4体採取したうち、一体に石灰化部分が入っており、そこからADHという検査結果が出ました。
医師から、切開手術を勧められており、少し大きめに該当箇所を切除すると言われました。
その結果によっては、これ以上何もする必要はないかもしれないし、今後放射線治療、ホルモン療法、センチネルリンパ節生検を行なう可能性がある旨話しを受けました。
切開手術後、どういった結果だとその後、センチネルリンパ節切除やその他の治療が必要になってくるのでしょうか。
正直もうこれ以上皮膚に傷を付けたくないので、また手術となると体力的にも精神的にも苦痛で、切開手術ですら、白の可能性があるなら放棄したい位です。
切開手術を先延ばしにしようとしたら、医師から2、3ヶ月以内には受けるよう言われました。
そんなに重症なのかと不安です。
それならば、どうして切開手術時にセンチネルリンパ節切除も1度にやってくれないのか不思議で仕方ありません。
 

田澤先生からの回答

こんにちは。田澤です。
まずADHについてはトップページの『ADH』の中の「ADHについて」「鑑別困難とADH」を良く読んでみてください。

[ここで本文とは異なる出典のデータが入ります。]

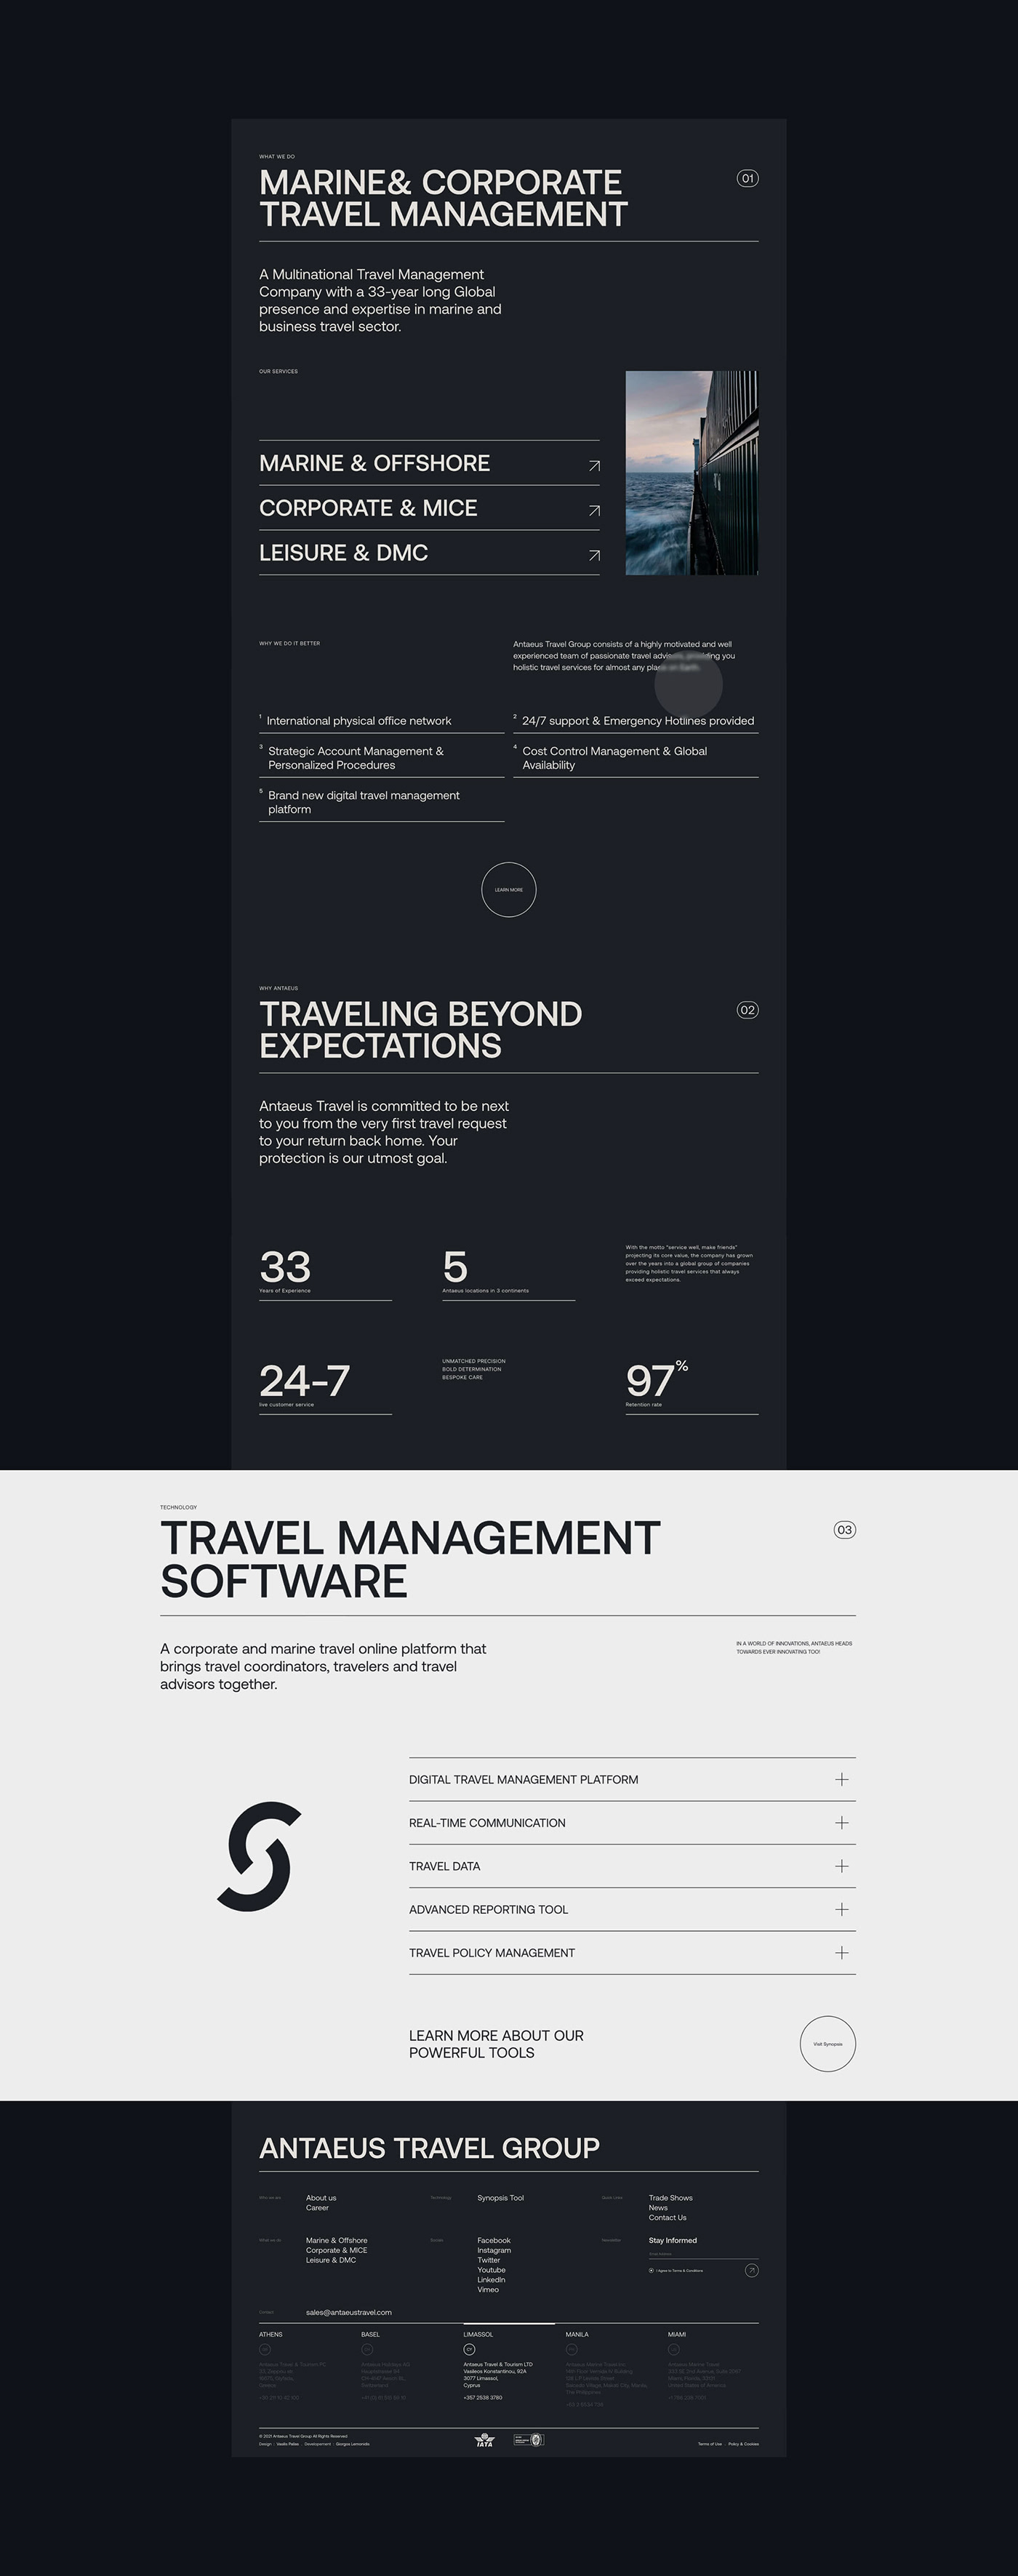 Travel travel agency corporate business darktheme black and white UI/UX Antaeus duocolor

ADHについて誤解している人が(乳腺外科医の中にも)沢山いらっしゃいますが、
「ADHは前癌病変ではなく、むしろ小さい(2mm>)だけで立派な癌」なのです。
○しかも病変全体を評価してのADHではなく、ST-MMT(サンプリング検査)でのADHは全く確定診断ではありません。(周辺の組織に同病変が2mm≦存在している可能性が十分にあるのです)
 
「医師から、切開手術を勧められており、少し大きめに該当箇所を切除する」
⇒全く「正しい」治療方針です。
 
「その結果によっては、これ以上何もする必要はないかもしれないし、今後放射線治療、ホルモン療法、センチネルリンパ節生検を行なう可能性がある」
⇒まさにその通りです。
 
「切開手術後、どういった結果だとその後、センチネルリンパ節切除やその他の治療が必要になってくるのでしょうか。」
⇒病理結果が
 ①(結局)ADHどまり…(これ以上の)治療は不要
 ②非浸潤癌…放射線照射のみ
 ③浸潤癌…センチネルリンパ節生検+放射線照射+薬物療法(ホルモン療法など)
 つまり③浸潤癌の場合には「センチネルリンパ節切除やその他の治療が必要」となります。
 
「そんなに重症なのかと不安です。」
⇒重症ではなく、「癌の疑いがある」ということです。(上記①~③の可能性があります)
 
「それならば、どうして切開手術時にセンチネルリンパ節切除も1度にやってくれないのか不思議で仕方ありません。」
⇒全く不思議ではありません。
 ①の可能性が残っている以上、「癌の手術をしてはいけない」のです。
 ♯センチネルリンパ節生検や腋窩郭清などは「癌と言う確定診断」のもとでしか行ってはいけません。